Yeah, it would be pretty interesting to be able to use this as an Android development environment. It should be significantly faster than current approaches with emulation.
Read OP's first line again. Note how it says "on Fedora" without specifying hardware, which last I checked is mutually exclusive with "on ChromeOS and a pixelbook".
The question was how to get it working on a non-ChromeOS device and system, and you provided instructions for ChromeOS. I don't believe they'll work, but hey, I can try it.
On my self-built desktop, running Ubuntu 17.10, the following result happens:
zsh: command not found: google-chrome-stable
zsh: command not found: vmc
So, again, how do I get any of this running on an actual desktop OS, on a usual computer?
You just claimed I can, please provide instructions, or please stop trolling.
Parent commenters said that they wanted to do the same thing as OP article but on Fedora instead of on Chrome OS. You responded to them with how to do it on Chrome OS which is not what they were looking for.
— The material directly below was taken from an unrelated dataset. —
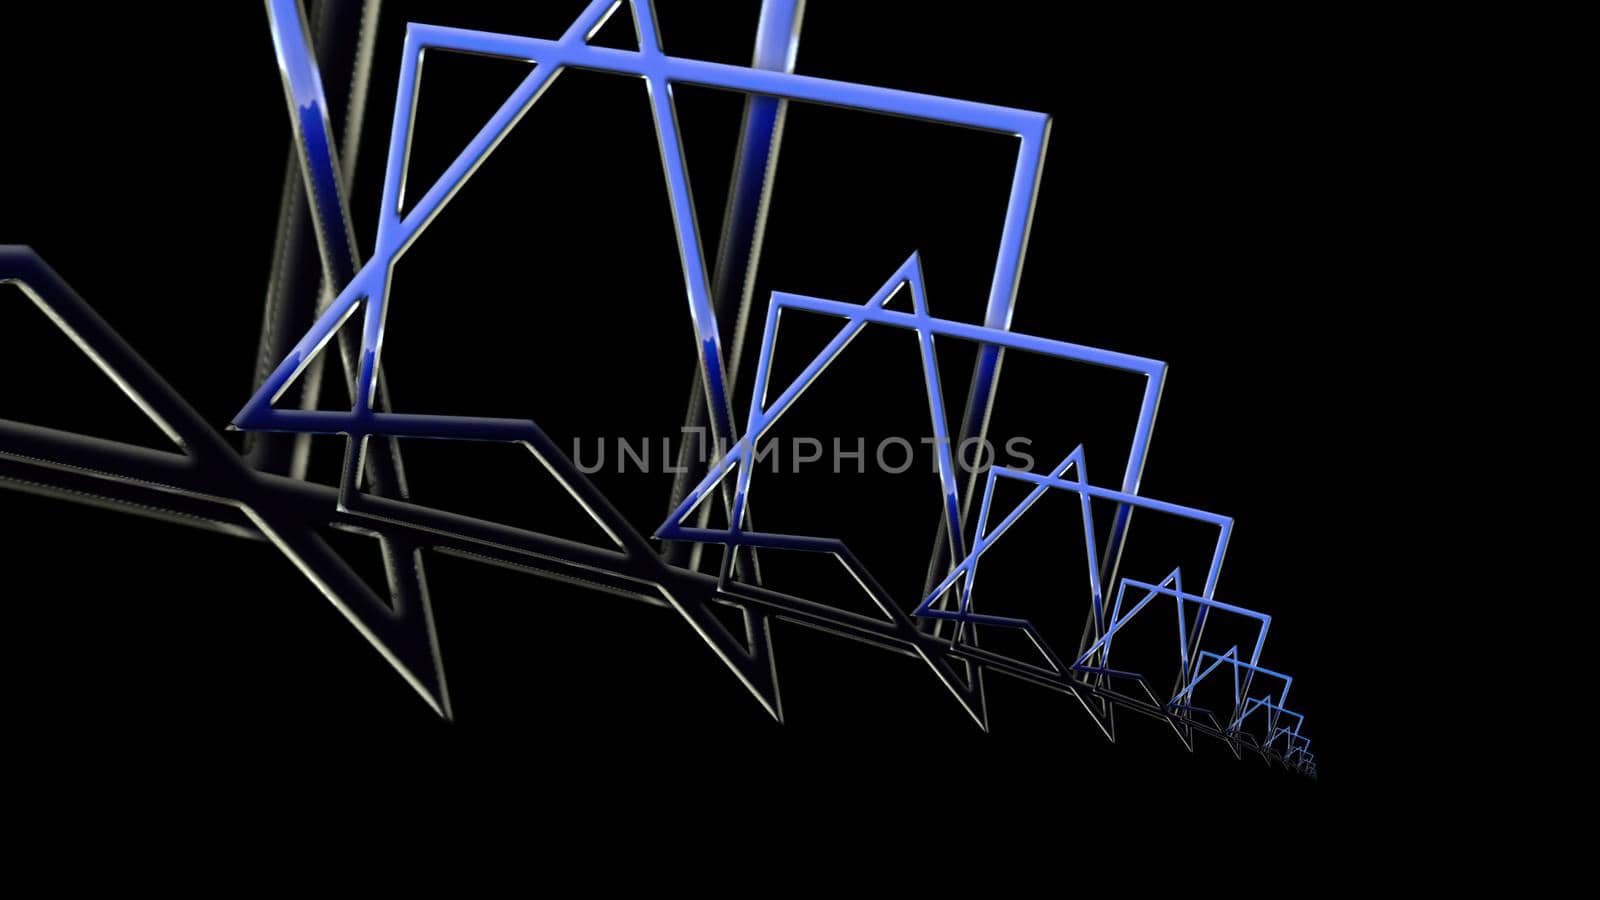 3d illustration - triangles and geometric patterns of blue lines on a black background

It’s like if you asked me “can I develop iOS apps with Chrome OS on my Chromebook?” and I told you “sure, in macOS on your MacBook just ...”.
No one's expecting to be able to use it right away. But maybe a Chrome OS (which is a modified Gentoo, after all) feature can be ported to another Linux distro.
At the very least, one would need to replace what sounds like a surfaceflinger <-> wayland proxy.